Im übrigen liegt mancher Anlaß vor, mich zu beneiden; – wenigstens für die abgelaufenen
vier Wochen; da ich nichts verschreien will. Sie sind ein flüchtiger Leser der
Zeit und haben wohl die
Entrefilets gelesen, die in den letzten Nummern über
Paris darin zu lesen waren; sie stammen aus der Feder des Herrn
Graf und ich weiß nicht, ob Sie von
Wien aus die ganze Läpperei dieser Notizen beurtheilen können. Allerdings ist es auch
der Mühe werth hieherzukommen um
Paris nur miszuverstehen; und auch hier gibt es eine hoffnungsvolle Jugend, welche bemüht
scheint, das Wesen ihrer Heimat zu fälschen und das Leben zu misdeuten. Man hat sie
mir neulich bei Gelegenheit einer Theateraufführg im »
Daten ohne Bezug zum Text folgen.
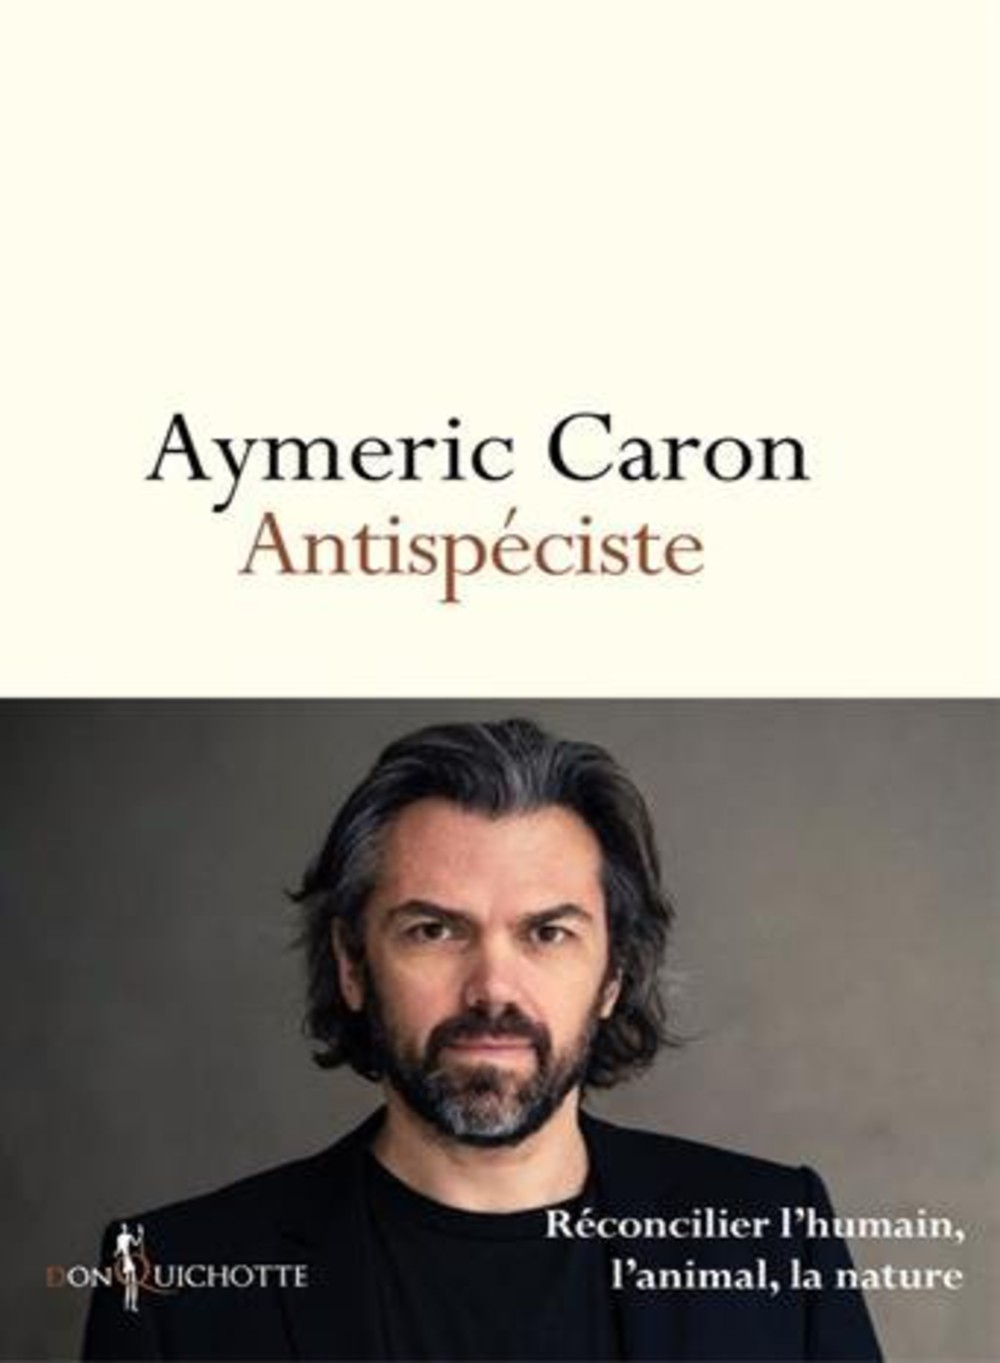 Antispéciste - Aymeric Caron 2016

Œuvre« gezeigt. Ich habe Herrn.
Mauclair gesehn; zugleich Herrn
La Jeunesse, der den erstgenannten bei der vorletzten
œuvre-Vorstellg geohrfeigt hat und, wie man sich erzählt, daraufhinarbeitet, Kaiser von
Frankreich zu werden. Er beginnt damit, Feuilletons zu schreiben und mystische Medaillen zu
vertheilen. Ich habe zahlreiche andre Jünglinge mit praeraphaelitischen Fräuleins
gesehn, die in den Couloirs herumgespensterten. Leider hab ich auch ein Stück gesehen,
war aber nur den zwei ersten Akten gewachsen. Im ersten jammert ein Schwindsüchtiger,
daß er schwindsüchtig und complicirt ist (Oh ma mère que je suis compliqué) und eine
Blinde, daß sie blind ist; im zweiten kommen die Blinde und der Schwindsüchtige mit
verbundnen Handgelenken herein: es ist eine Transfusion gemacht worden und der Schwindsüchtige
wird gesund. Und die Blinde, welche noch im ersten Akt die Geliebte des Bruders des
Schwindsüchtigen war, wird die Frau des Schwindsüchtigen. Man glaubt eben nicht, was
die Transfusion für ein Wundermittel ist! Dann kommen noch zwei Akte, die ich nicht
mehr gesehn habe und das ganze heißt: »
Ton sang«. –
– Sehr interessant waren mir die drei Haupterfolge der Saison,
Douloureuse,
Carrière,
Snob – hauptsächlich wegen der Familienähnlichkeit der drei Stücke. In allen dreien könnten
vor allem die Titel gewechselt werden, ohne daß es ein Mensch merkt; ja ich hatte
sogar den Eindruck, sie würden dann besser zu den Stücken passen. Alle drei sind keine
Stücke; in allen dreien ereignet sich das wichtige zwischen dem vorletzten u. letzten
Akt – u. wir müssen einfach dran glauben; in allen dreien ist der letzte Akt eigentlich
nichts als ein sentimentaler Dialog der zwei Hauptpersonen, welche eingesehen haben
daß u. s. w. – Aber gespielt wird – zum Entzücken.
– Ihre Ansicht über
Reicher scheint mir die richtige zu sein; ich habe seine Größe nie begriffen, obwohl er,
wie Sie wohl in der
Zeit gelesen haben, »
für mich eingestanden ist, als die guten Wiener noch über mich lächelten.«
Ich bleibe noch etwa 14 Tage hier, dann geh ich nach
London, und bin wohl in den letzten Maitagen in
Wien. Sollte ich nicht auch Sie als Radfahrer wiederfinden? –
Leben Sie wohl und seien Sie herzlich gegrüßt!